Voy caminando por el bosque, perdido.
Miro a mi alrededor en busca de algo o de alguien que me pueda guiar el camino hacia casa, pero solo el ruido del silencio es quien me recibe con los brazos abiertos, empujándome hacia él y envolviéndome con fuerza.
El olor a la tierra mojada provocado por el rocío llena mis fosas nasales, y junto al ruido que hacen las hojas secas debajo de mis pies, era todo lo que reina en el ambiente.
Sigo sin saber como había terminado allí, en medio de la nada, usando nada más y nada menos que un traje, parecido a un pijama de un niño pequeño. Al bajar mi vista, me encuentro con mis manos y pies cubiertos de tierra.
Camino y camino, con la esperanza de salir de aquel bosque, hasta que llego a una zona de carretera. Me freno sobre la orilla, y doy un paso. Suelto un siseo en cuanto siento como los pedazos de asfalto se incrustan en mis pies, pero eso no importaba. Espero durante un gran rato, pero ni un auto pasa por acá. Solo se oye, bien a lo lejos, el ruido que hacen las hojas de los árboles al moverse gracias al viento.
Con pocas esperanzas, decido volver a adentrarme a aquel bosque.
No se cuánto he caminado pero, curiosamente, llego a una zona totalmente desierta, lleno de pozos, como si hubiesen arrancado de cuajo los árboles, y el frío ahora era tan penetrante que no puedo caminar. Miro hacia otro lado, y al fondo se asoma una montaña de tierra, con forma extraña. Apenas estoy a un par de metros, cuando observo con pavor lo que hay entre los escombros de tierra. Manos y brazos se asoman entre los pedazos, y yo debo taparme la boca para no gritar. Me quedo de piedra al ver semejante horror, hasta que siento un hombro apretarme con fuerza y empujarme hacia el pozo donde habían sacado aquella tierra, pero antes de impactar con los otros cuerpos, abro los ojos.
Estoy bañado en sudor, y los gritos en alemán ya se escuchan por todos lados, junto a silbatazos, ladridos de perros, escopetazos y gritos.

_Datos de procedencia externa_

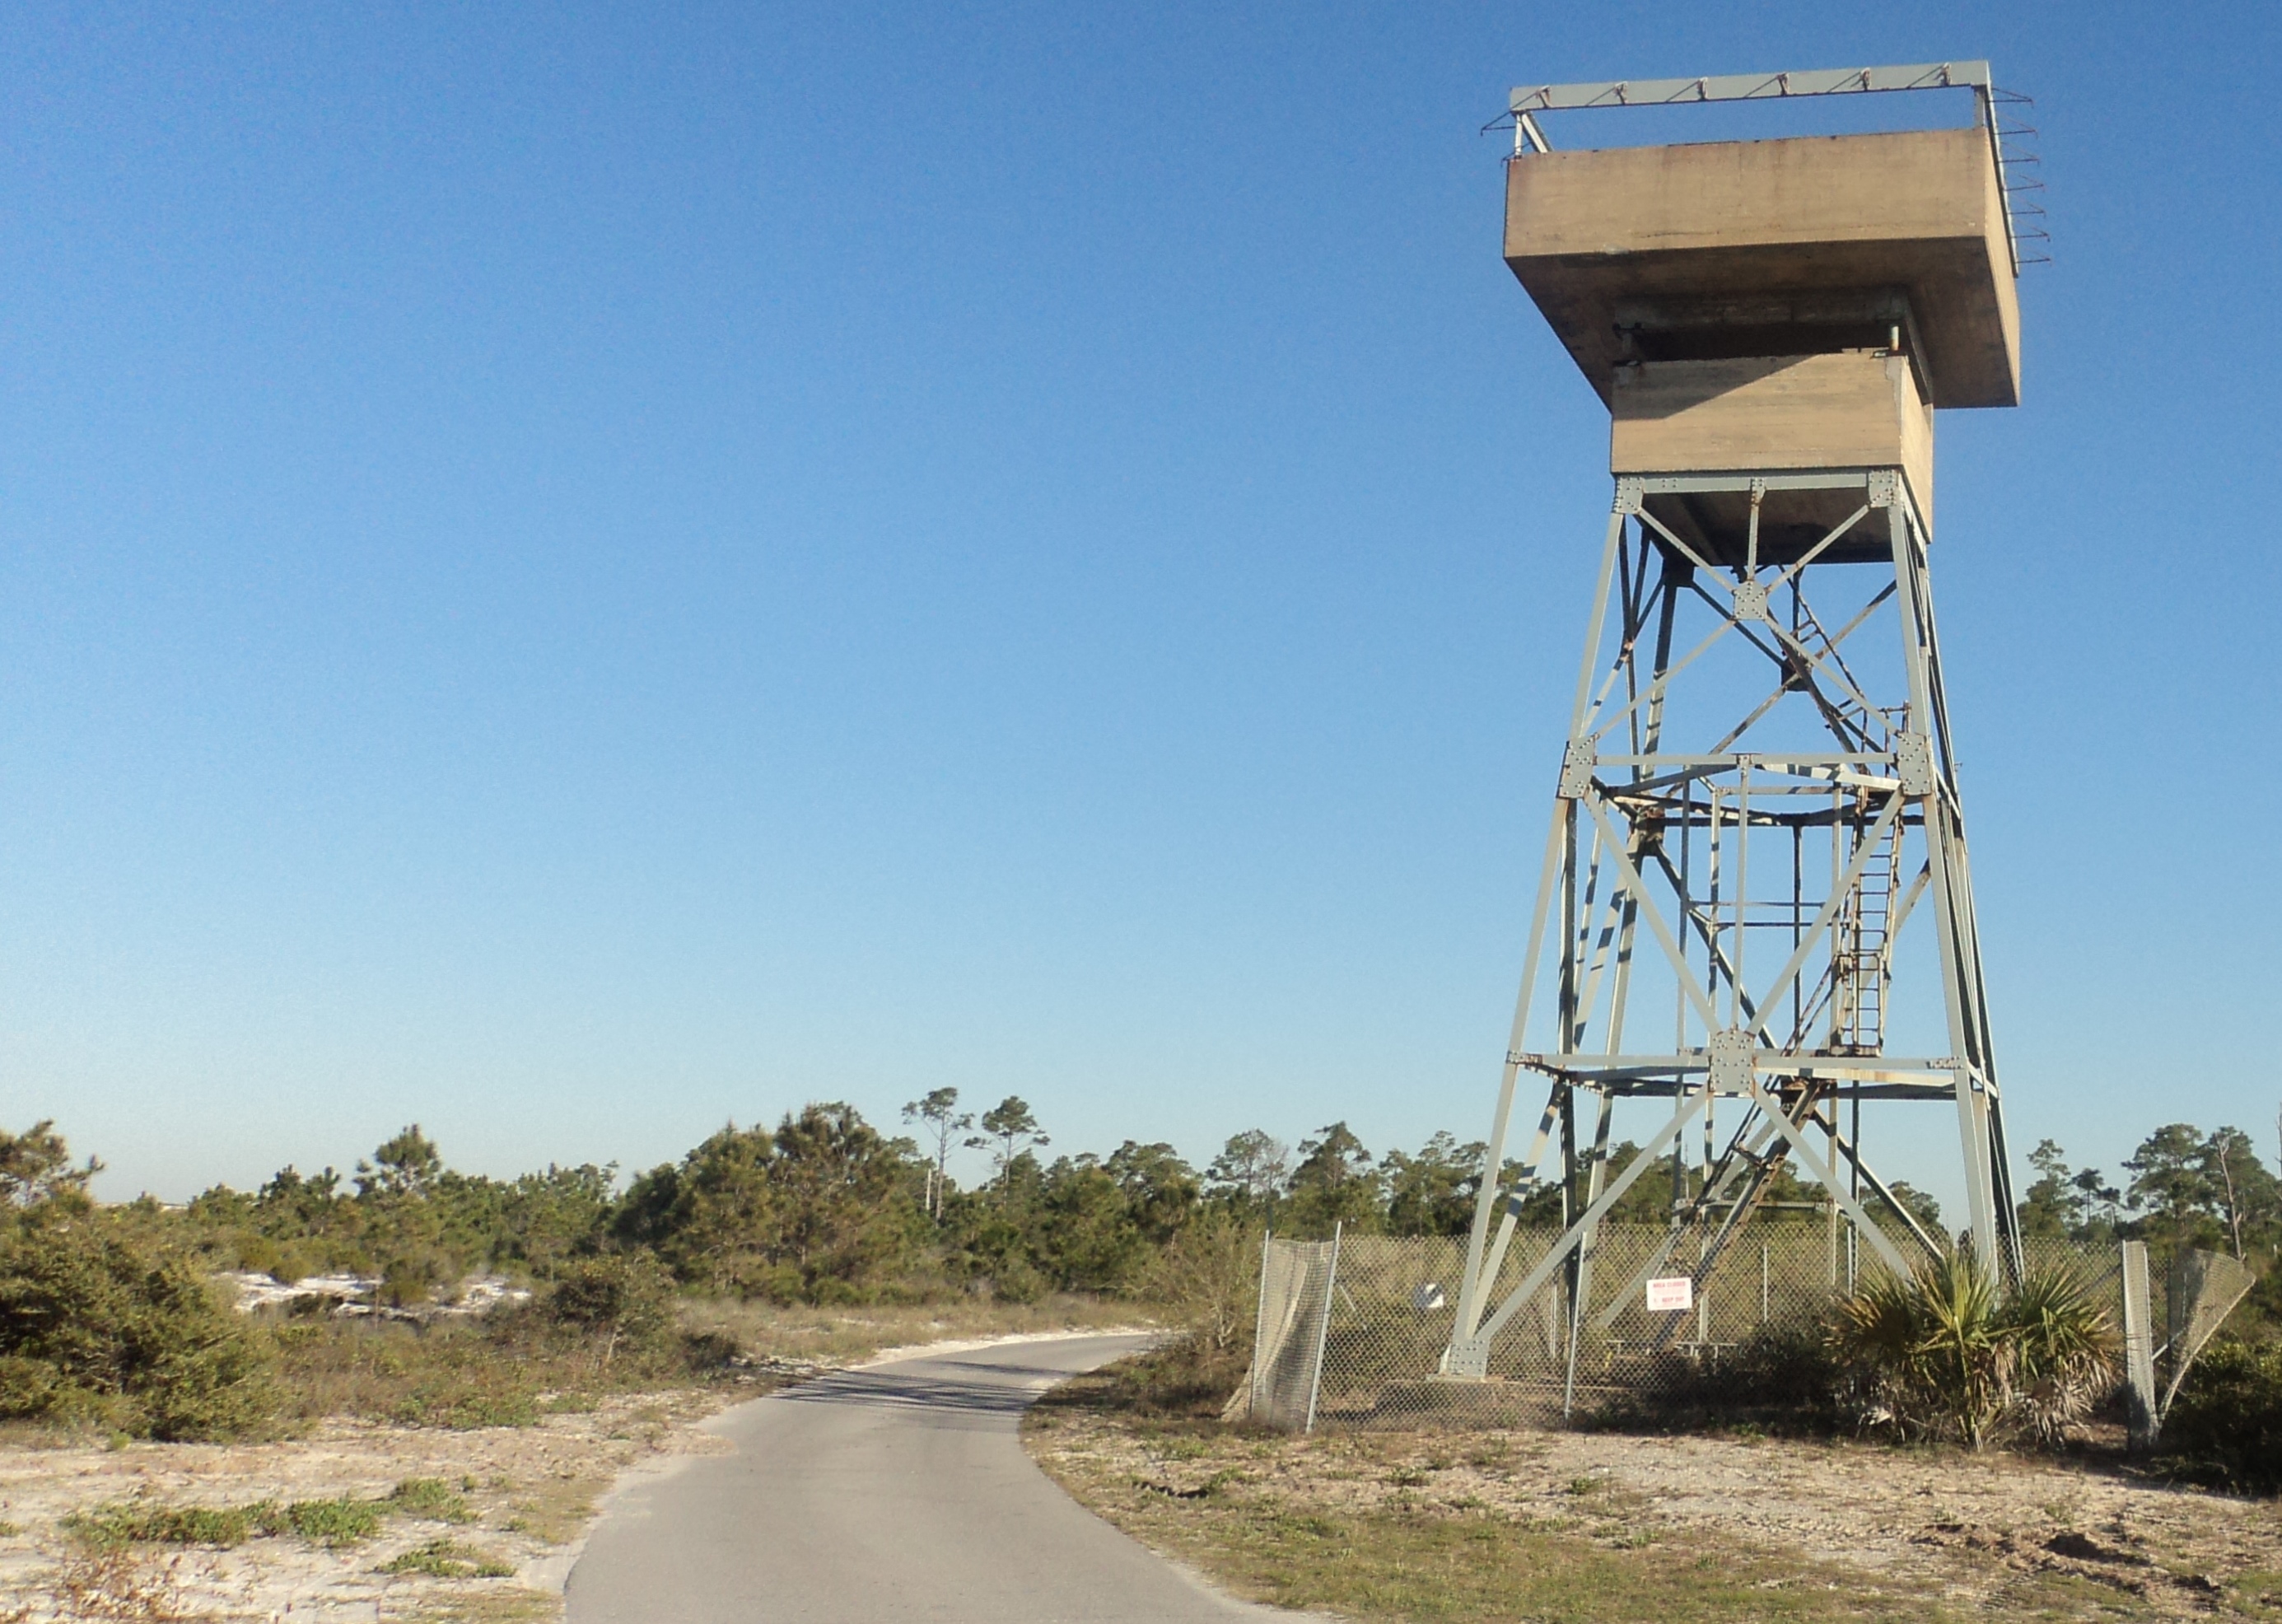 A steel and concrete tower stand near a one lane asphalt road.

Me seco las pequeñas gotitas que caen sobre mi frente y bajo, con mucho esfuerzo, de aquella litera. Últimamente soñaba con lo mismo: en poder volver a respirar el olor a tierra mojada y andar descalzo por el patio de mi casa. Extrañaba ser libre, no tener ataduras ni nada que se le parezca.

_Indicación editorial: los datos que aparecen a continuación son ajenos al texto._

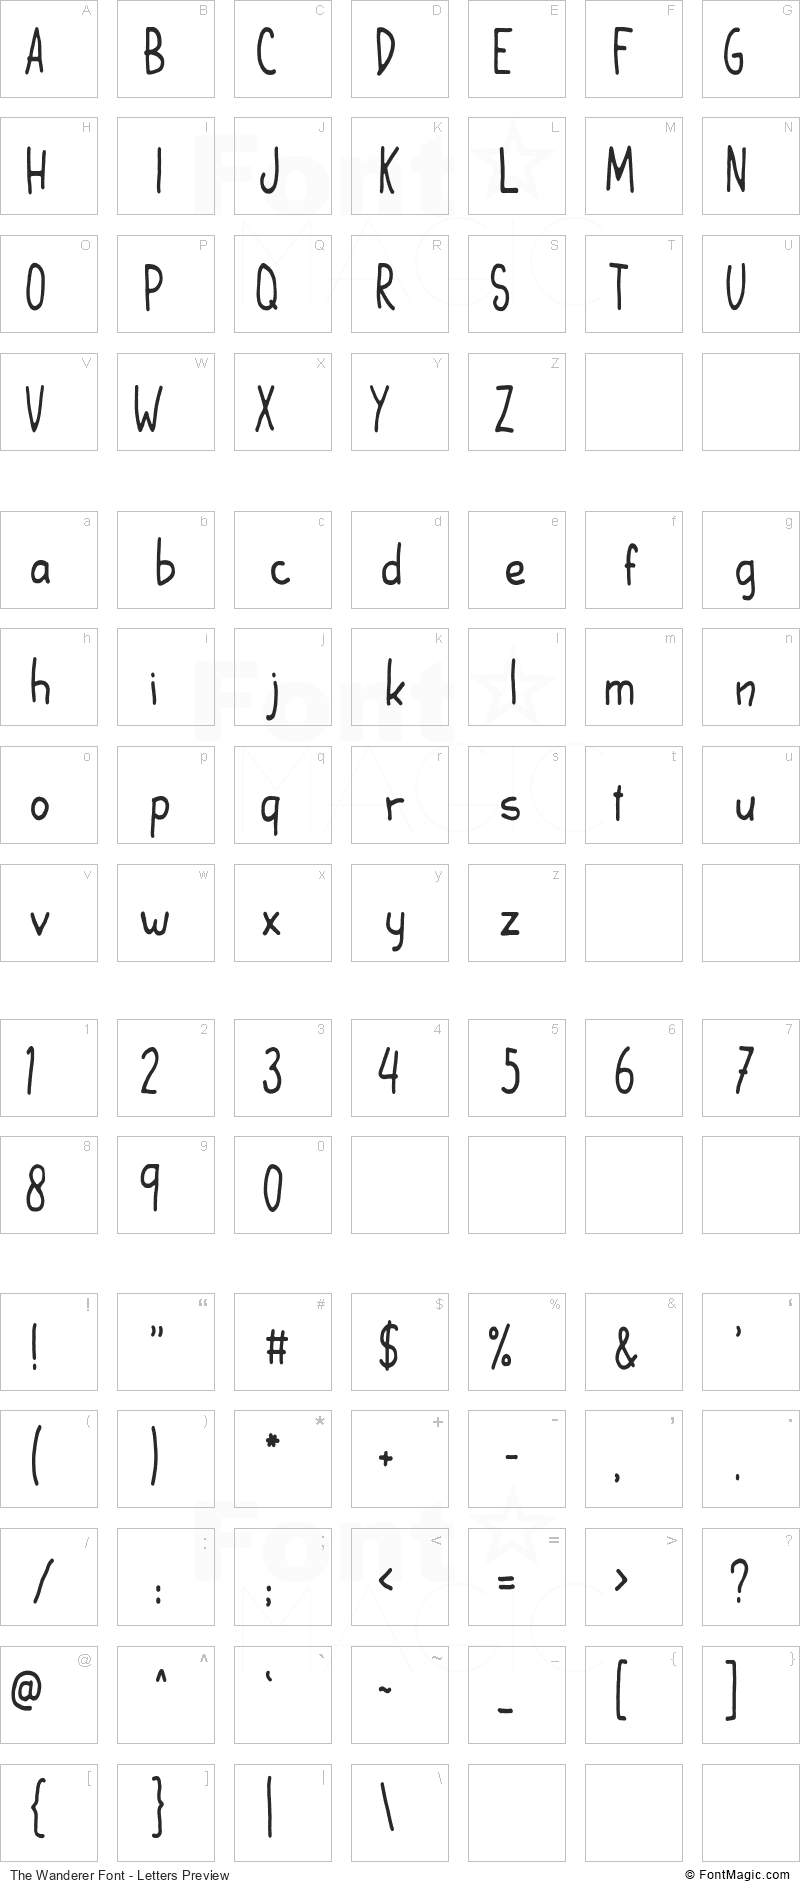 The Wanderer Font - All Latters Preview Chart

Nos sacaron de muy mala manera de dónde dormíamos. Los uniformes de los militares estaban blancos, lo que significaba una cosa: estaba nevando. Apenas salimos, empezamos a tiritar. Cada vez se nos hacía imposible aguantar, ya que al estar casi en los huesos, el frío nos calaba hasta en lo más profundo de nuestra alma, impidiéndonos movernos.

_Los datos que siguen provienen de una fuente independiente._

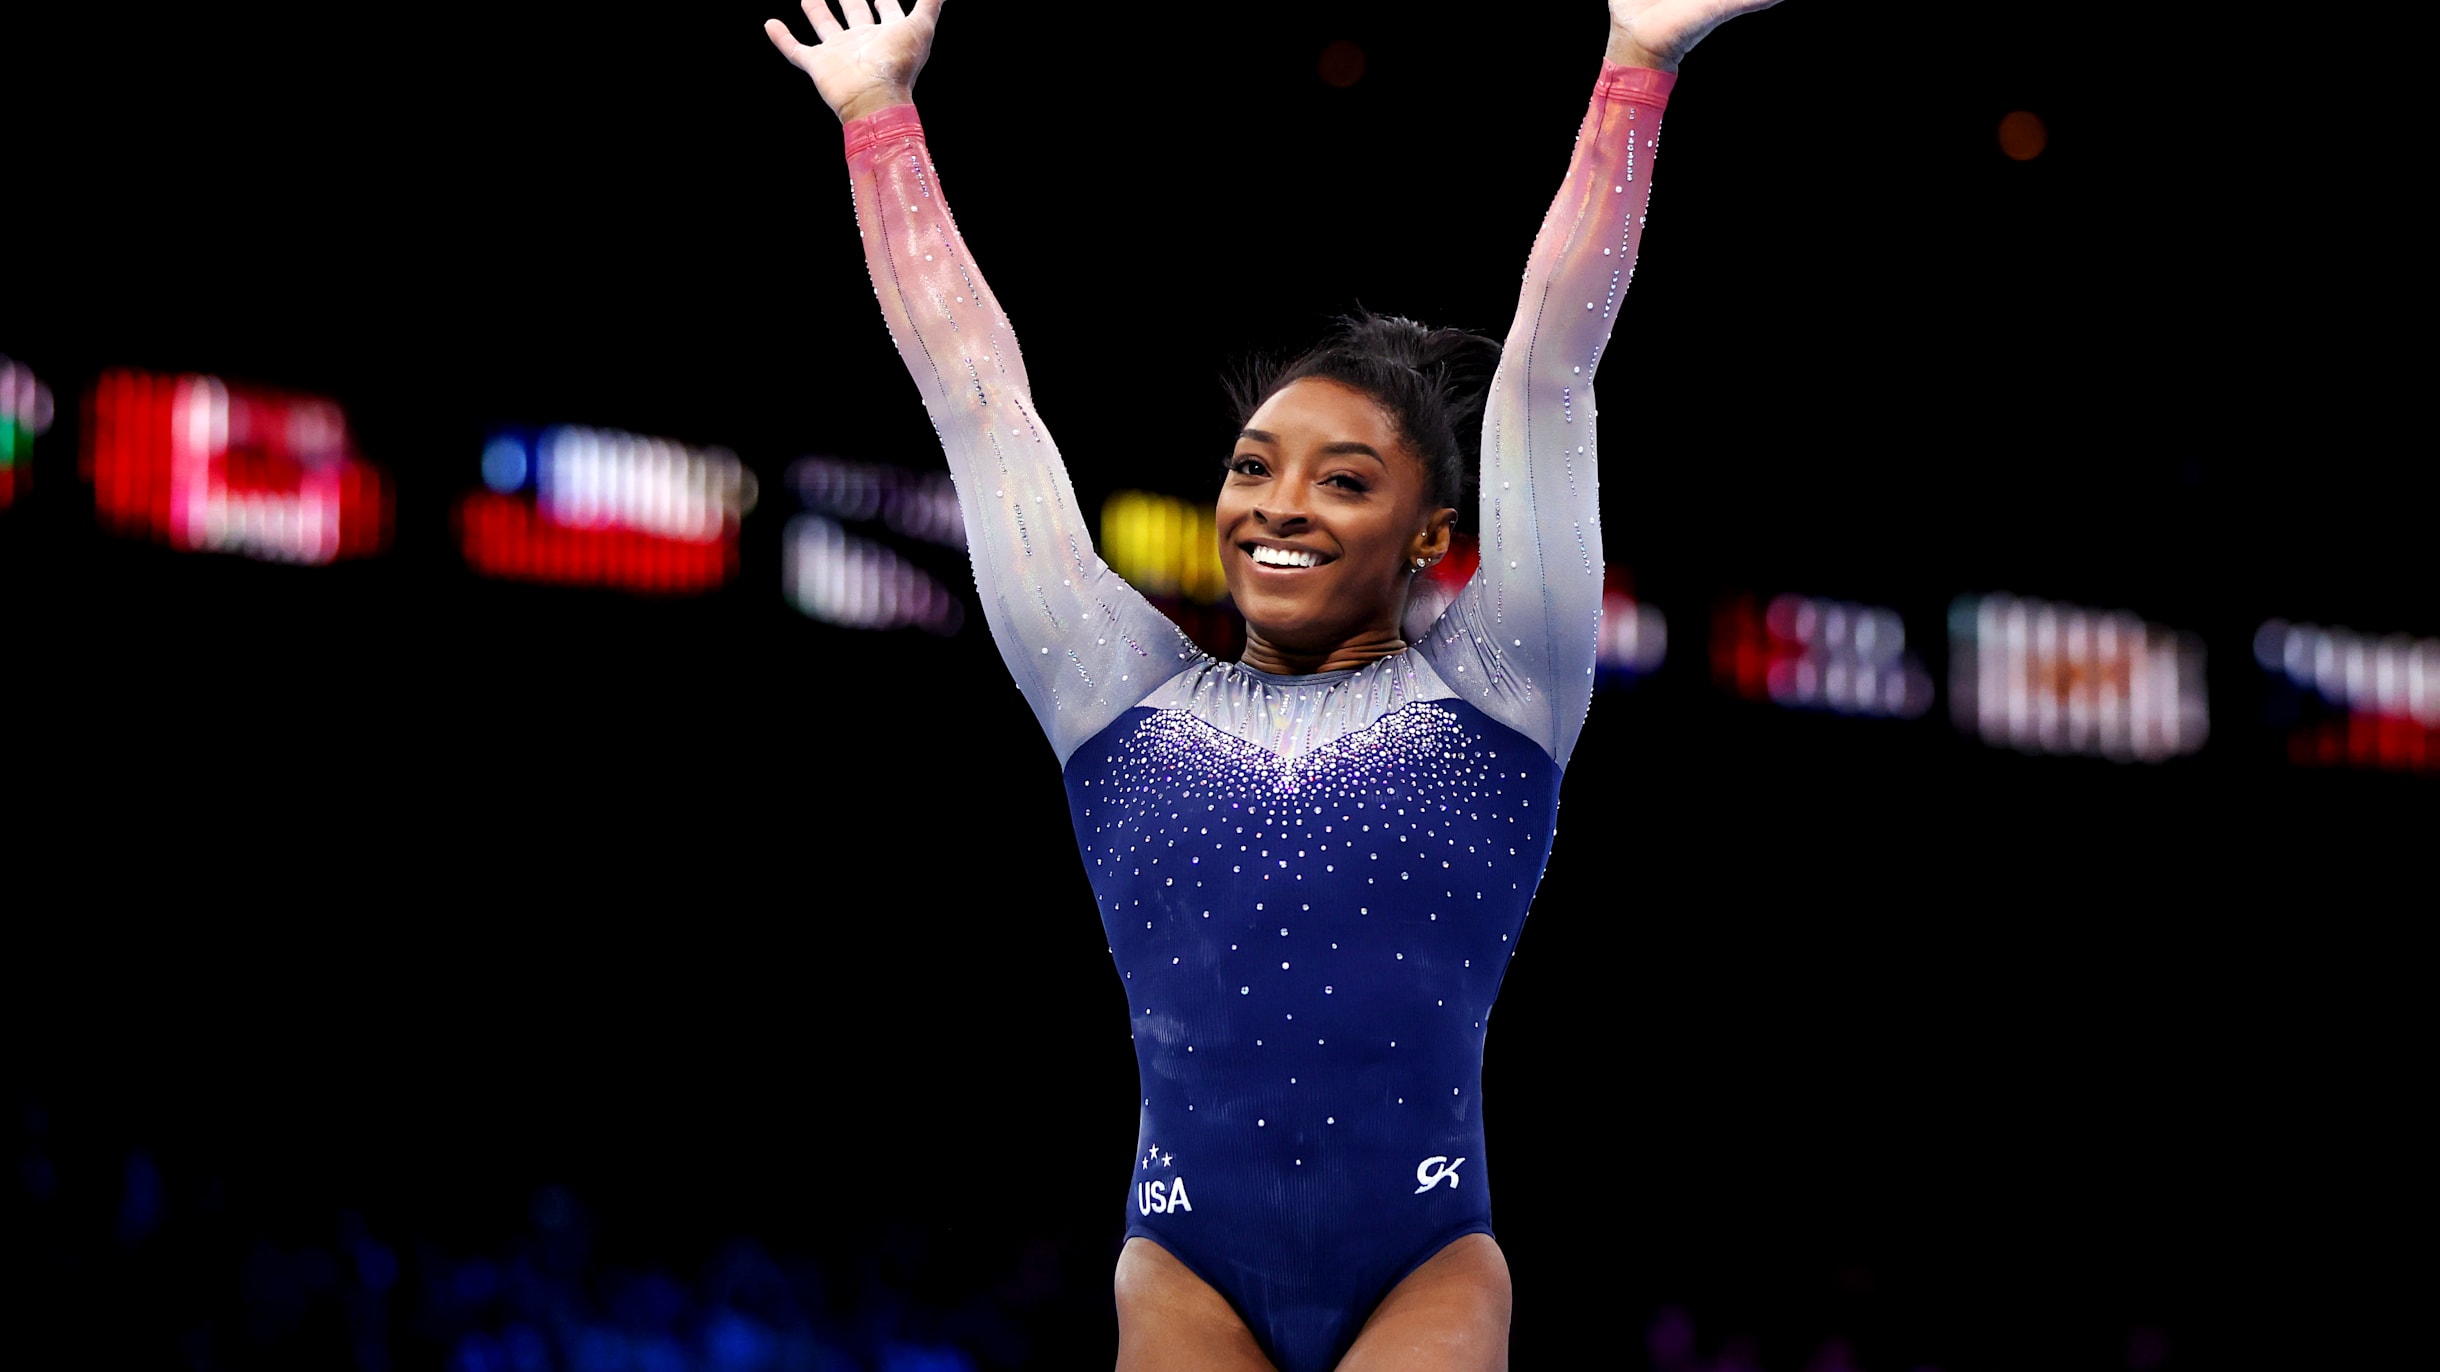 How this historically black college gymnastics team made history

Nos fueron colocando en fila. Un médico llegó y empezó a revisarnos uno por uno, a los que negaba con la cabeza los separaban, mientras que a los otros los dejaban donde estaban. Cuando llegó hasta mi, temí lo peor. En cuanto movió su cabeza negando, comencé a temblar, pero esta vez no de frío, sino de miedo. ¿Qué harían conmigo?
Varias ideas llegaron a mi cabeza, provocando que se me empañara la vista, mientras un vaho blanco sale de mi boca a forma de suspiro, cuando escucho un ruido a mi derecha.
A tres personas de distancia, un señor que estaba en la fila cae al suelo, desplomado, como una marioneta a la cual le cortan los hilos. Dos soldados se acercan rápido y lo toman por los brazos. El cuerpo inerte del hombre es arrastrado por el suelo, sin piedad alguna.
Luego de varios minutos que parecieron horas, a nuestro grupo lo llevan hasta una zona completamente alejada del campo de concentración. Mi cuerpo tiembla se anticipación, y una lágrima se desliza por mi mejilla.
No intento escaparme, porque de igual manera se que moriría, al fin y al cabo. Quizá no hoy, pero podría ser mañana, pasado o el próximo mes.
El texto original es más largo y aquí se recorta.